Core analysts concerned with determining the nature of rock and fluid contained underneath the ground will often extract a core from, for example, an oil well and create core samples. The analysts will then conduct tests on the core samples to determine the core's characteristics.
One important characteristic of a core sample is relative permeability. Relative permeability relates to the flow characteristics of one fluid relative to a second fluid contained in the core sample. An important parameter in determining relative permeability is the saturation state of the sample—that is, the percentage of space (pore volume) in the sample that contains a first fluid, such as brine, and the percentage of that volume that contains a second fluid, such as oil. The measurement of relative permeability is often plotted as a function of sample saturation state.
Determining relative permeability is often done by the steady state method. This method involves choosing various fluid percentages to flow through the core sample until the fluid flow reaches steady state. For example, the core sample can be 100% brine saturated and a user can flow 100% oil into the core sample. Since the core sample is initially 100% brine saturated, initially the effluent from the core sample will also be 100% brine. However, the effluent will eventually include oil as the oil flows through the core sample, resulting in an effluent that is part oil and part brine. Once the oil flowing into the sample pushes all the brine that is able to be pushed out of the sample, the effluent will be 100% oil, resulting in a steady state or equilibrium, condition.

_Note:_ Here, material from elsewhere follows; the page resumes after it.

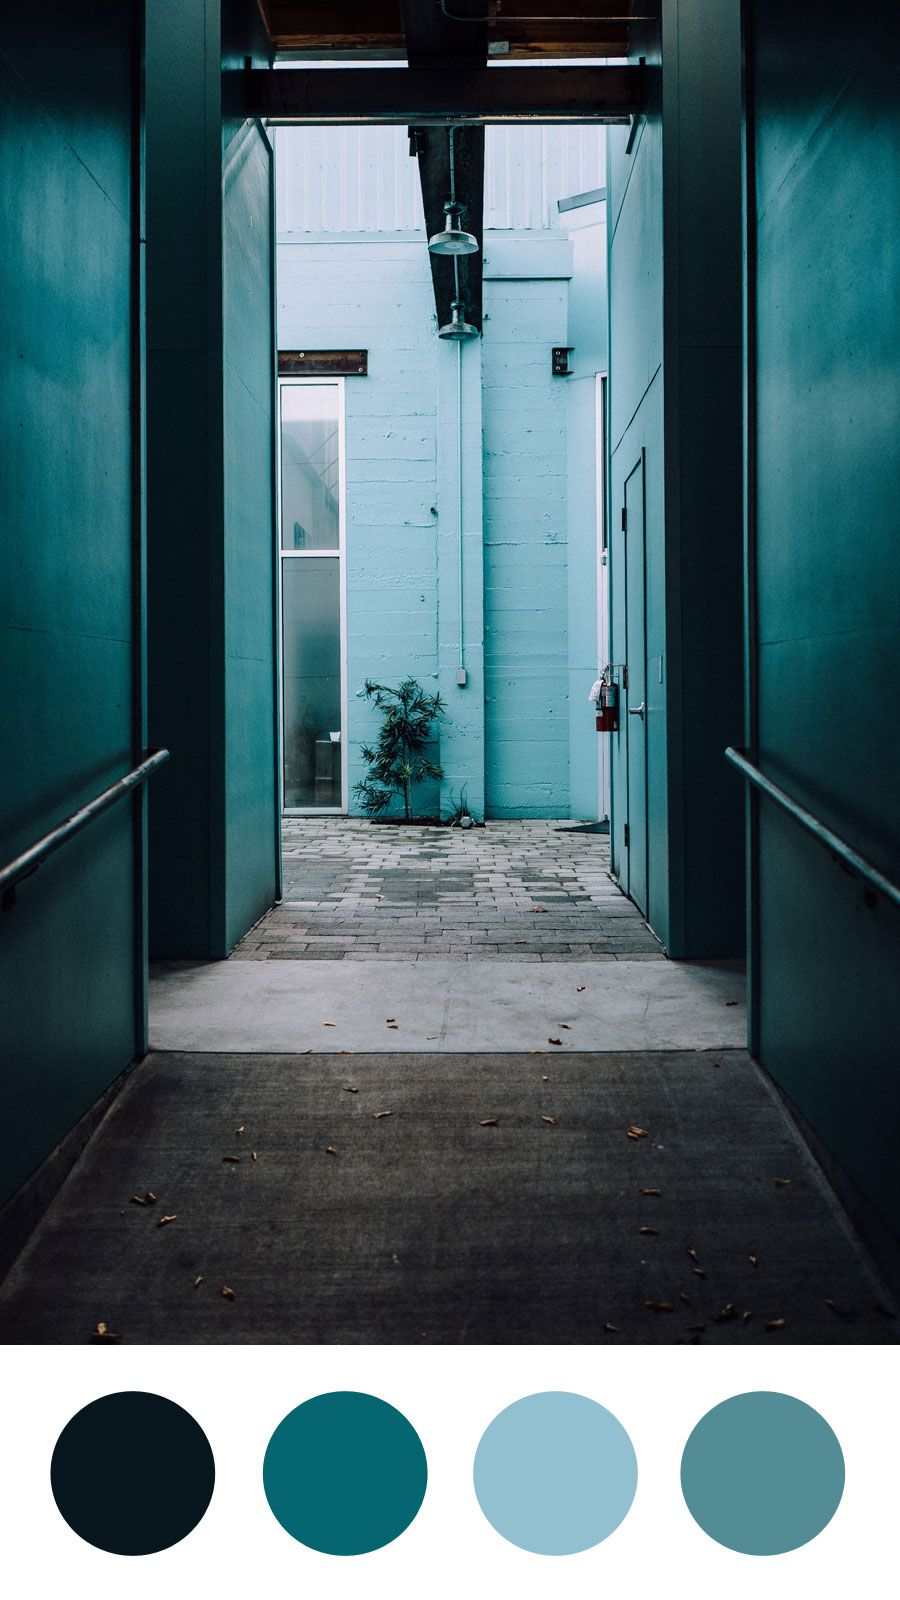 Cool Corridors Color Palette Emma Englishby Fossil Grey Cornflower Blue And Bondi
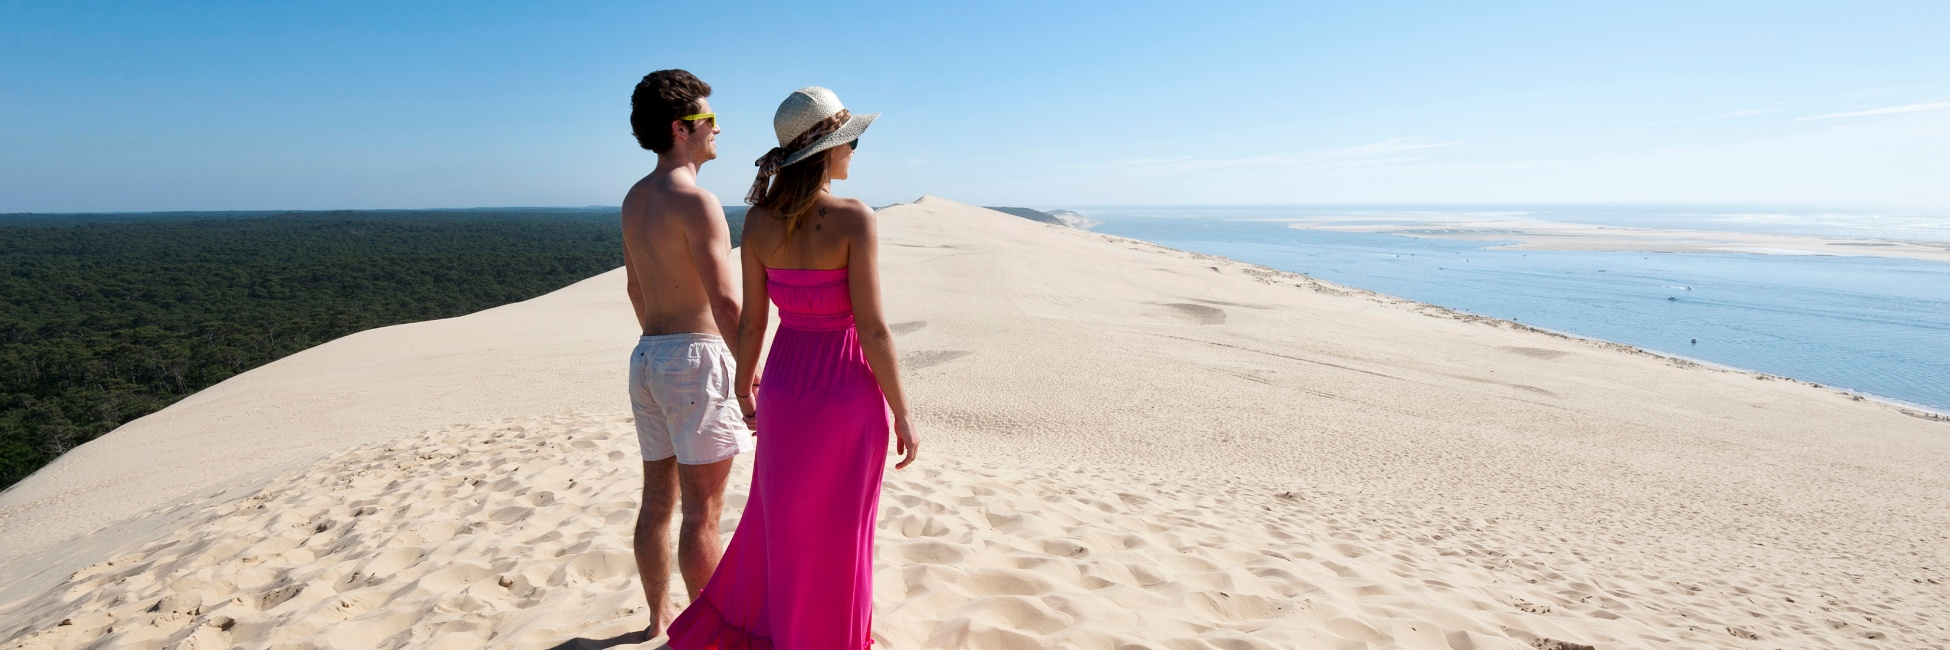 Dune à Arcachon en Gironde

In other words, steady state is achieved when flow of fluid into the core sample (100% oil) is the same as flow of fluid out of the core sample (also 100% oil).
The sample is now partially saturated with oil and partially saturated with brine (e.g., all the brine that is able to be flushed from the core sample has already been pushed out). The user determines the amount of brine remaining in the sample by measuring the volumes of oil and brine that have been flowed into the sample and the volumes that have gone out, and thereby determines the relative percentages of oil and brine remaining in the sample (i.e., the sample's saturation state).
In this sample case, the user then flows a different percentage of oil and brine into the core sample—say, 70% oil and 30% brine—until the system reaches a steady state or equilibrium, i.e., effluent that is also 70% oil and 30% brine. By determining the fluid volumes in and fluid volumes out, the user can then determine the core sample saturation state under those conditions, which will likely be different than when flowing 100% oil. The user then flows another percentage of oil and brine—say, 30% oil and 70% brine—until equilibrium is reached, similarly determining the sample saturation state under those conditions. The final percentage of fluid flow in may be 100% brine, with the sample saturation state determined using the same method.
In each of these cases, a large volume of fluid may need to be flowed through the core sample before equilibrium or steady state is achieved. If this large volume exceeds the finite volume of the traditional two-phase separator or similar system, the relative volumes of the two fluids can no longer be measured and the calculation will fail. Traditional two-phase separators also have the limitation of only being able to measure the change in volume of one of the two effluent fluids. This limitation makes it difficult to track the effluent flow rate of the second phase and accurately determine when steady state has been reached and the saturation state of the core sample. Therefore, there exists a need for an apparatus, method, and/or system that can accommodate and measure large volumes of fluid in order to determine sample saturation state.